2. White moviegoers declined; ethnic audiences grew.

In a dramatic turn for the North American theater attendance, among frequent moviegoers the number of Caucasians declined while Asian/Other and African-American audiences went up. The Asian/Other demo is now the fastest-growing group of frequent moviegoers (5.6 million), while frequent moviegoers between 25-39 are the largest (8 million), and 18- 24 was the fastest-growing age demo (7.2 million), taking in an average of 6.5 movies during the year.

Finding Dory

“Finding Dory”

3. Women and Ethnic Audiences Built the Year’s Biggest Blockbusters

Disney/Pixar’s “Finding Dory” attracted the largest female audience (55 percent), followed by Disney’s live-action remake “The Jungle Book” (52 percent) and Universal/Illumination’s “The Secret Life of Pets” (54 percent). Three Disney movies nabbed the most ethnically diverse audiences: “The Jungle Book,” “Finding Dory,” and Marvel’s “Captain America: Civil War.”

4. No change in admissions, ticket prices, screen numbers, or gender split

The trend in flat admissions continued, with 1.32 billion tickets sold. The average ticket price went up to $8.65, from $8.43. The overall screen count in North America remained much the same, at 43,531. As before, women attendees skewed slightly higher than men (the population is 51 percent to 49 percent) while tickets sold were split 50/50 between the genders.

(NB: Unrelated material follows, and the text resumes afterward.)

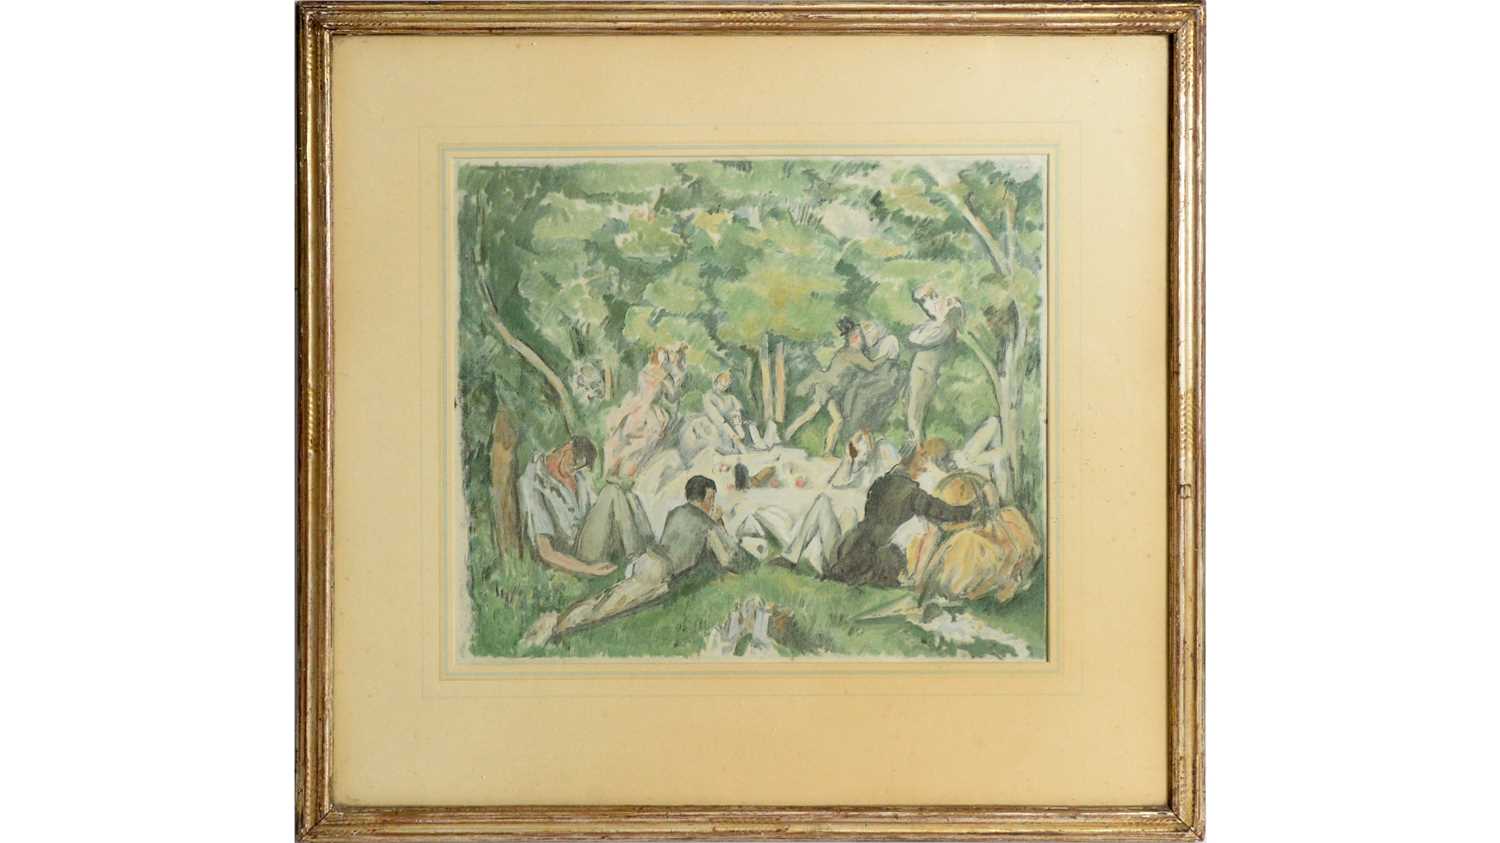 Lot 593 - After Paul Cezanne - Le Dejeuner sur l'herbe | colour lithograph

5. The digital revolution is complete

Fully 95% of the world’s screens are now digital, up 2 percent, with 98% penetration in North America.

6. Asia likes 3D better than North America

3D screens grew worldwide by 17 percent and mark 56 percent of all digital screens. In North America, 39 percent of digital screens are 3D, while in the Asia Pacific region they comprise 78 percent. Box office from 3D was down 8 percent to 14 percent of the North American total. The most likely demo to attend 3D movies in North America: children.

7. Independents Are Making More Movies, the Studios Less

In 2016, the total number of films increased overall by 1 percent, while the output of the six MPAA member studios — Disney, Fox, Warner Bros., Paramount, Universal, and Sony — declined by 5 percent to 139 films. Non-member independents such as Lionsgate/Roadside Attractions/CBS Films, STX, Open Road, Weinstein, IFC, Magnolia, and A24 released 579 films domestically, up 3 percent from 2015. With a total of 718 releases last year, that marks an 18 percent increase from a decade ago.

We should expect more of the same in 2017: The studios produced another 99 films in 2016 that have yet to be released — 13 percent fewer than 2015. For independent productions, the 2016 number was 411, up 6 percent from 2015. (Films budgeted under $1 million were not considered in the report.)